For some companies, digital strategies are less important because their business revolves around e-commerce anyway, for example, or was founded directly on digital platforms. This is often not the case for companies from traditional industry, for example, if they are driving digitalisation via machine networking in the sense of Industry 4.0 and interlinking production facilities much more closely with IT systems.

Such companies need a clearly formulated strategy on how digitalisation and the transformation associated with it are to be managed and driven forward. A data strategy that describes how machine data is to be stored and evaluated should then either be separated out as a separate strategy work or formulated as a fixed component of the digital strategy.

A senior data scientist is not enough
Whereas just a few years ago there were often calls to establish data science as a separate discipline in the company and to hire data scientists, today most large companies and also many medium-sized companies have such specialists. But despite the high level of competence of Data Scientists, many companies are disillusioned when it comes to their impact.

On the one hand, because there is a lack of good data engineers who can efficiently collect data in databases and effectively provide it via interfaces. On the other hand, because the data scientists are often left alone by the management. There may be a prejudice here that data science is a self-contained area of applied research.

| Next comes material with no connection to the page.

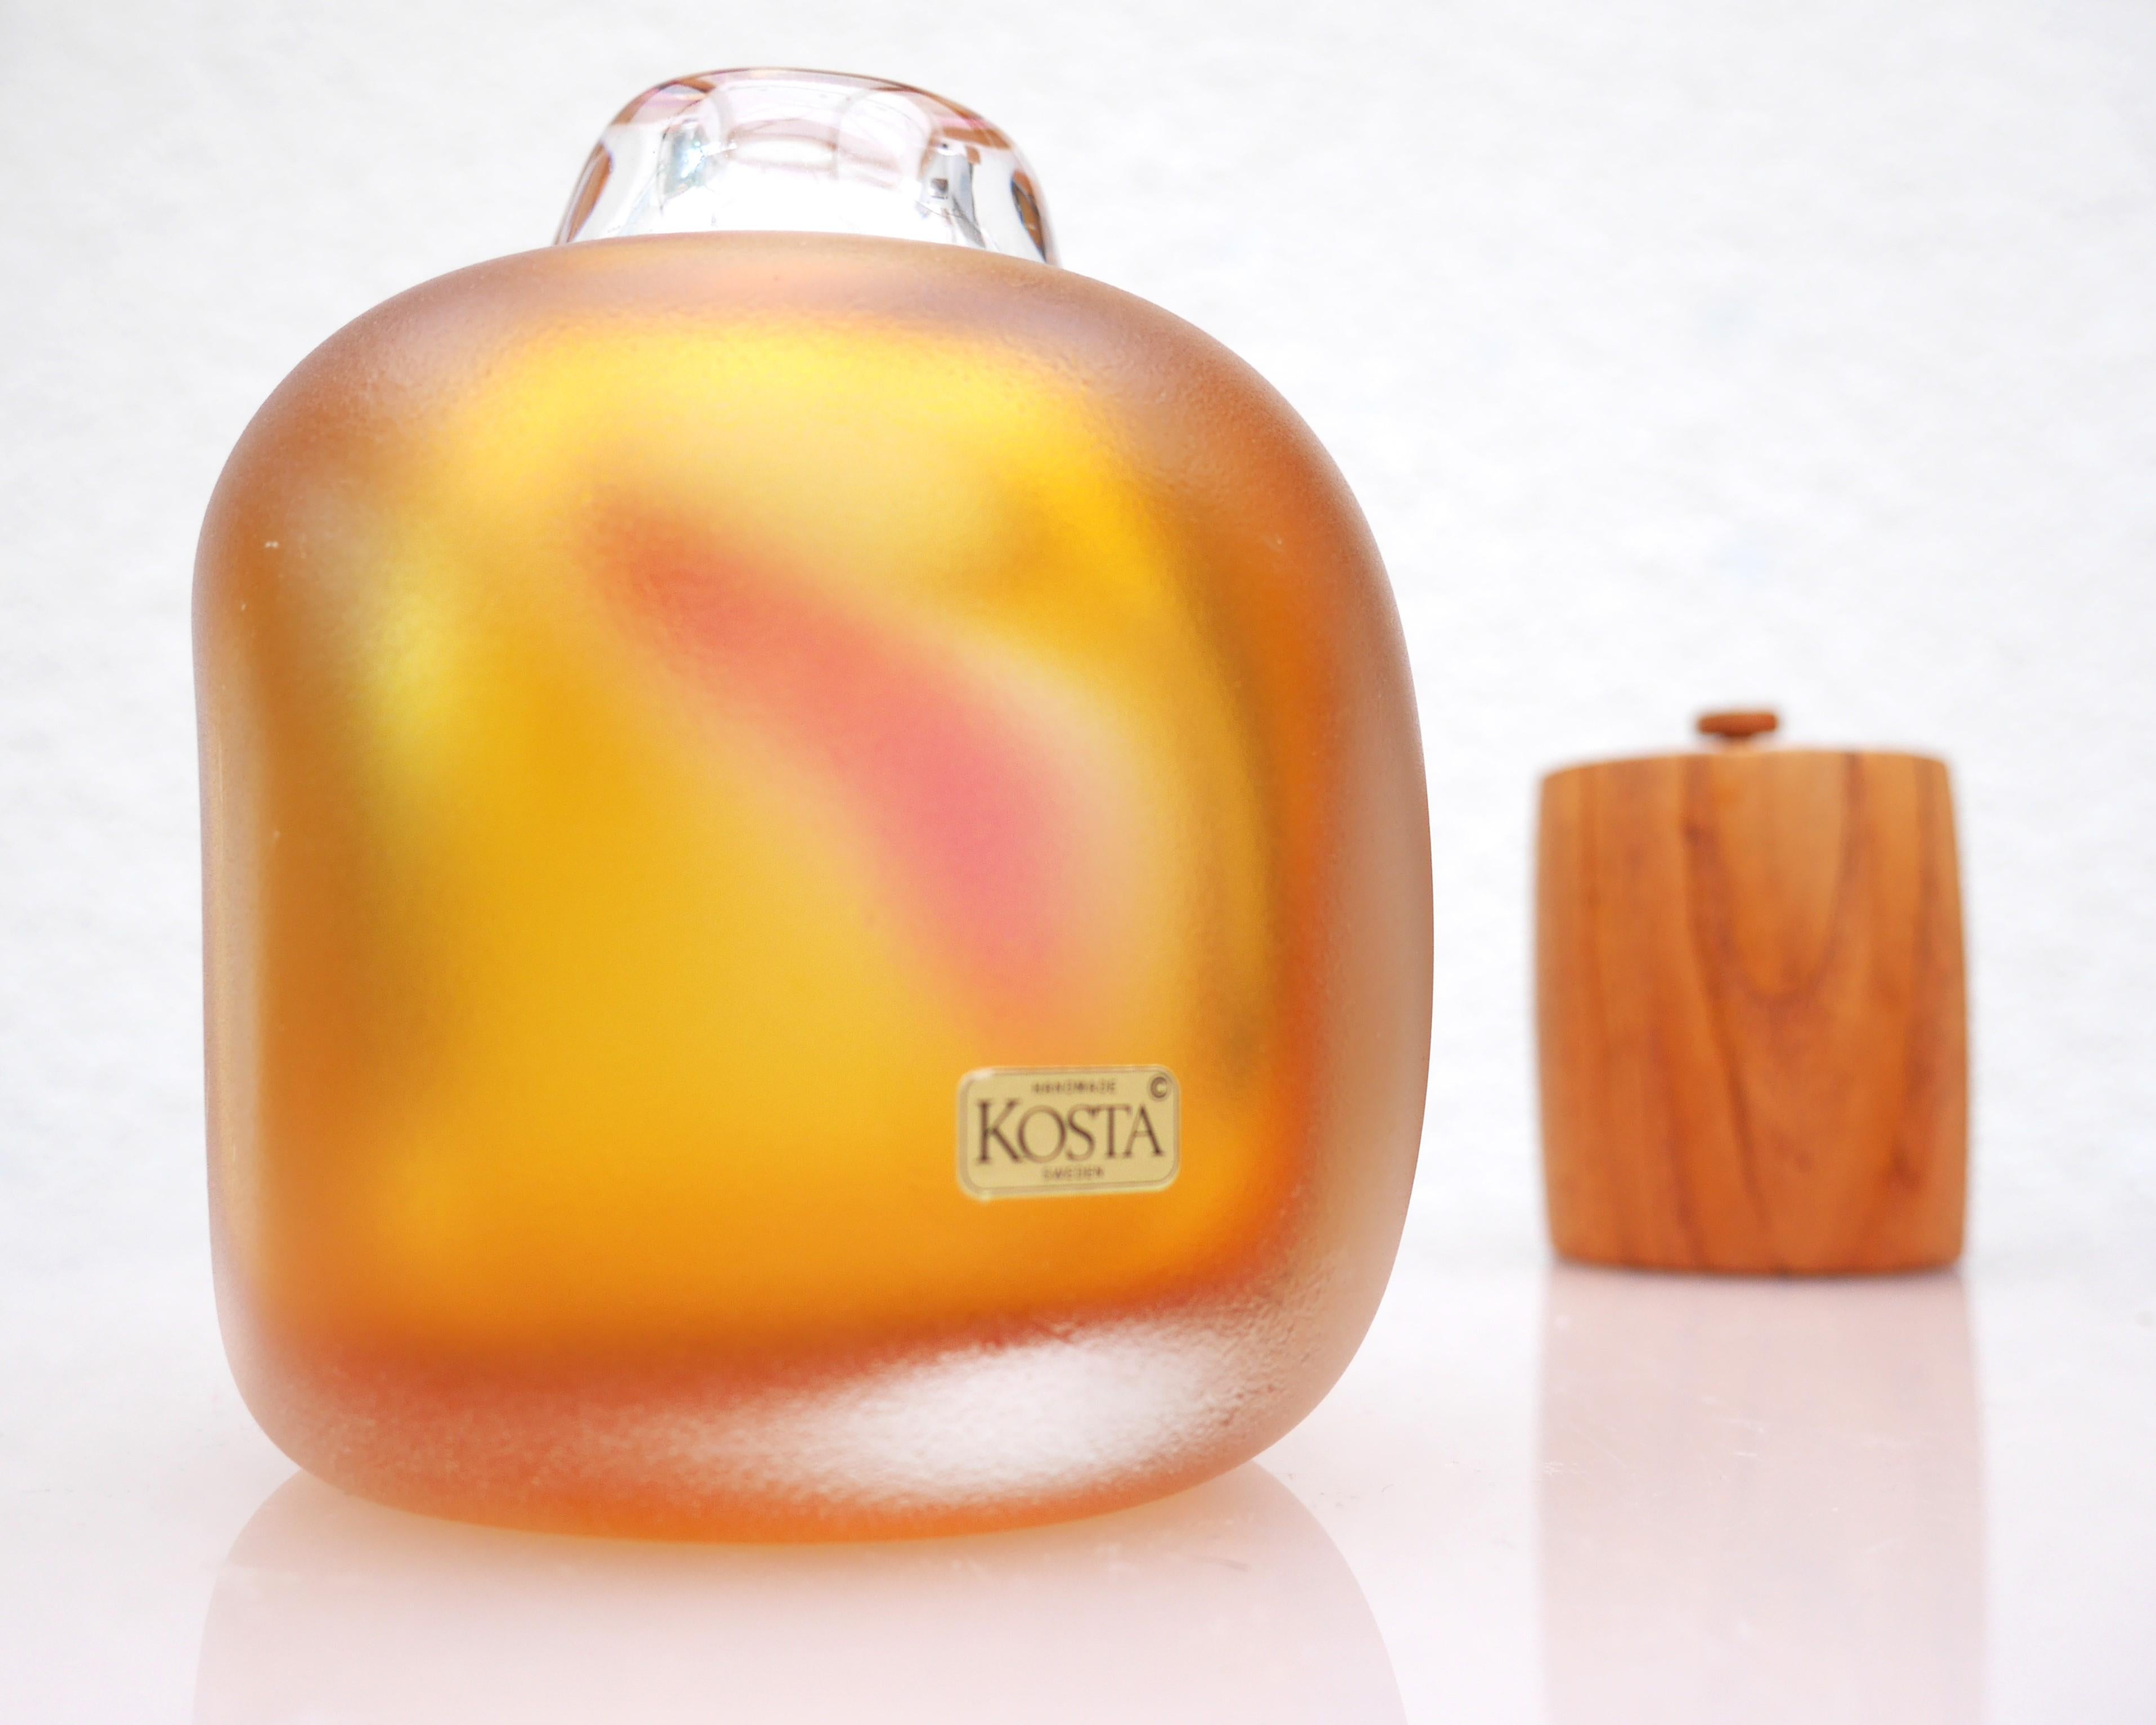 Un vase en verre rare, de collection et signé.  Design Modern suédois, fabriqué par Wärff pour Boda, Suède. Cette œuvre a été réalisée à la main par l'artiste, et il s'agit d'une édition limitée, donc numérotée et signée, ce qui la rend très

It would make more sense to consider it as an interdisciplinary cross-sectional function for all other departments. Even the best data scientist has no effect in the company if his findings are not used or implemented in projects due to a lack of openness. And even very motivated Data Scientists can only swim against the tide for a limited time.

Moreover, data scientists do not have data competence to themselves. All other technical staff should also have at least a basic understanding. After all, even central departments such as those for business intelligence or the more experimental data labs cannot manage without expertise from the respective departments.

This becomes visible at the latest when it comes to putting analysis systems into production. Moreover, the really useful solutions do not come from a central location, but directly from the departments. No company becomes “data-driven” through a central department.

This development must run through the entire organisation. Companies therefore need a general data competence, not only among the specialists, but also among the managers. The latter must advocate solution-oriented thinking, always keeping in mind the role that data can play in this.